Indicate whether consecutive vowels should be merged into single tokens or kept apart as separate tokens.

transform : dict

A dictionary that indicates how prosodic strings should be simplified (or generally transformed), using a simple key-value structure with the key referring to the original prosodic context and the value to the new value. Currently, prosodic strings (see prosodic_string()) offer 11 different prosodic contexts. Since not all these are helpful in preliminary analyses for cognate detection, it is useful to merge some of these contexts into one. The default settings distinguish only 5 instead of 11 available contexts, namely:

  • C for all consonants in prosodically ascending position,

  • c for all consonants in prosodically descending position,

  • V for all vowels,

  • T for all tones, and

  • _ for word-breaks.

Make sure to check also the “vowel” keyword when initialising a LexStat object, since the symbols you use for vowels and tones should be identical with the ones you define in your transform dictionary.

vowels : str (default=”VT_”)

For scoring function creation using the get_scorer function, you have the possibility to use reduced scores for the matching of tones and vowels by modifying the “vscale” parameter, which is set to 0.5 as a default. In order to make sure that vowels and tones are properly detected, make sure your prosodic string representation of vowels matches the one in this keyword. Thus, if you change the prosodic strings using the “transform” keyword, you also need to change the vowel string, to make sure that “vscale” works as wanted in the get_scorer function.

check : bool (default=False)

If set to True, the input file will first be checked for errors before the calculation is carried out. Errors will be written to the file errors, defaulting to errors.log. See also apply_checks

apply_checks : bool (default=False)

If set to True, any errors identified by check will be handled silently.

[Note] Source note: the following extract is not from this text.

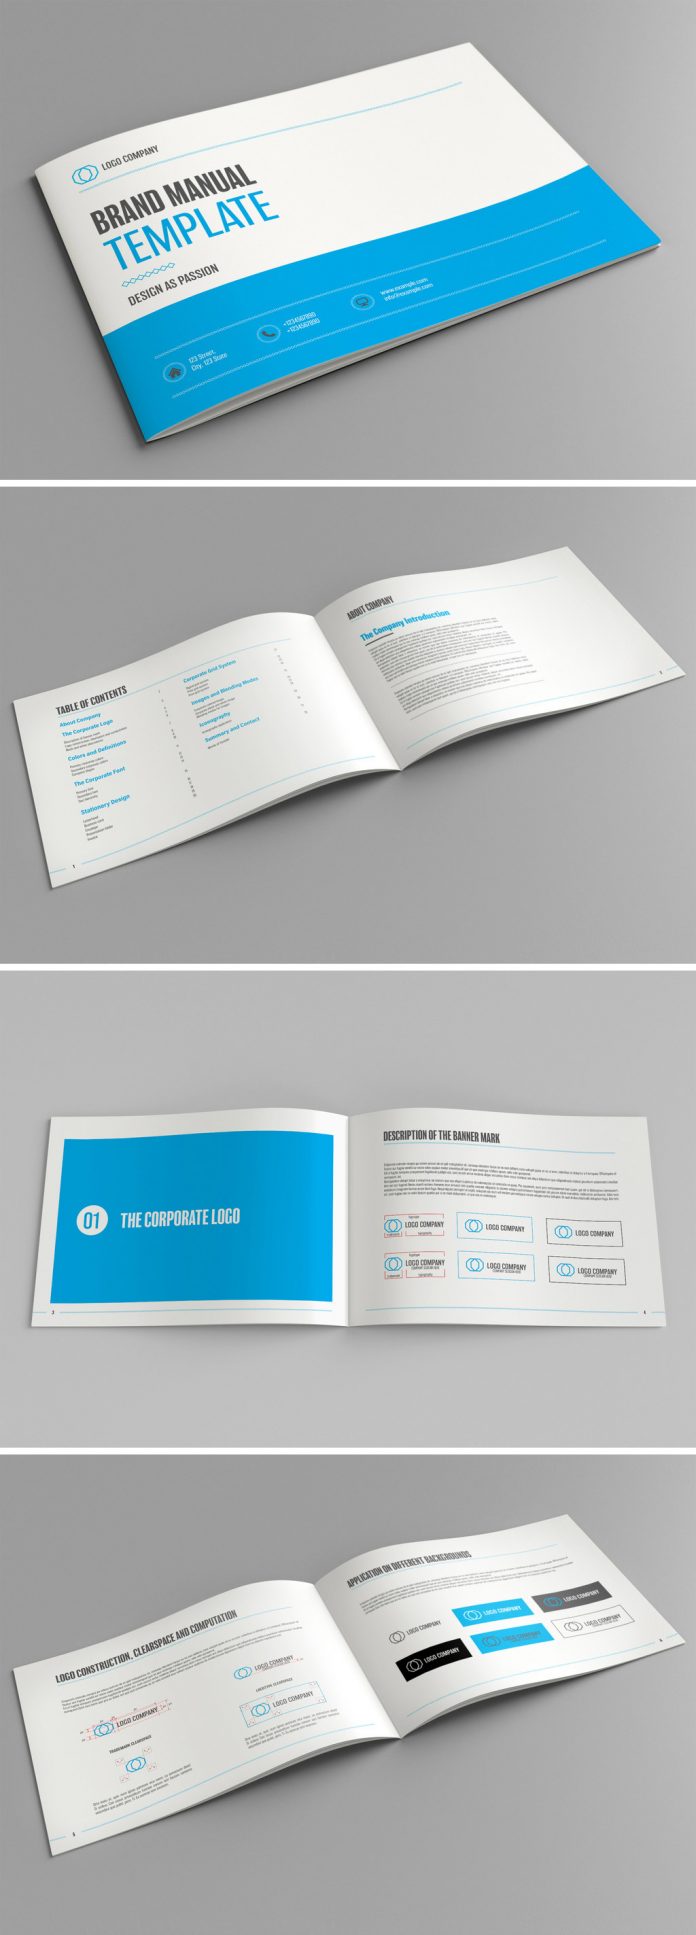 A brand manual and style guide template for Adobe InDesign.

no_bscorer: bool (default=False) :

If set to True, this will suppress the creation of a language-specific scoring function (which may become quite large and is additional ballast if the method “lexstat” is not used after all. If you use the “lexstat” method, however, this needs to be set to False.

errors : str

The name of the error log.

Notes

This method automatically infers partial cognate sets from data which was previously morphologically segmented.

Attributes

pairs

dict

A dictionary with tuples of language names as key and indices as value, pointing to unique combinations of words with the same meaning in all language pairs.

model

Model

The sound class model instance which serves to convert the phonetic data into sound classes.

chars

list

A list of all unique language-specific character types in the instantiated LexStat object. The characters in this list consist of

  • the language identifier (numeric, referenced as “langid” as a default, but customizable via the keyword “langid”)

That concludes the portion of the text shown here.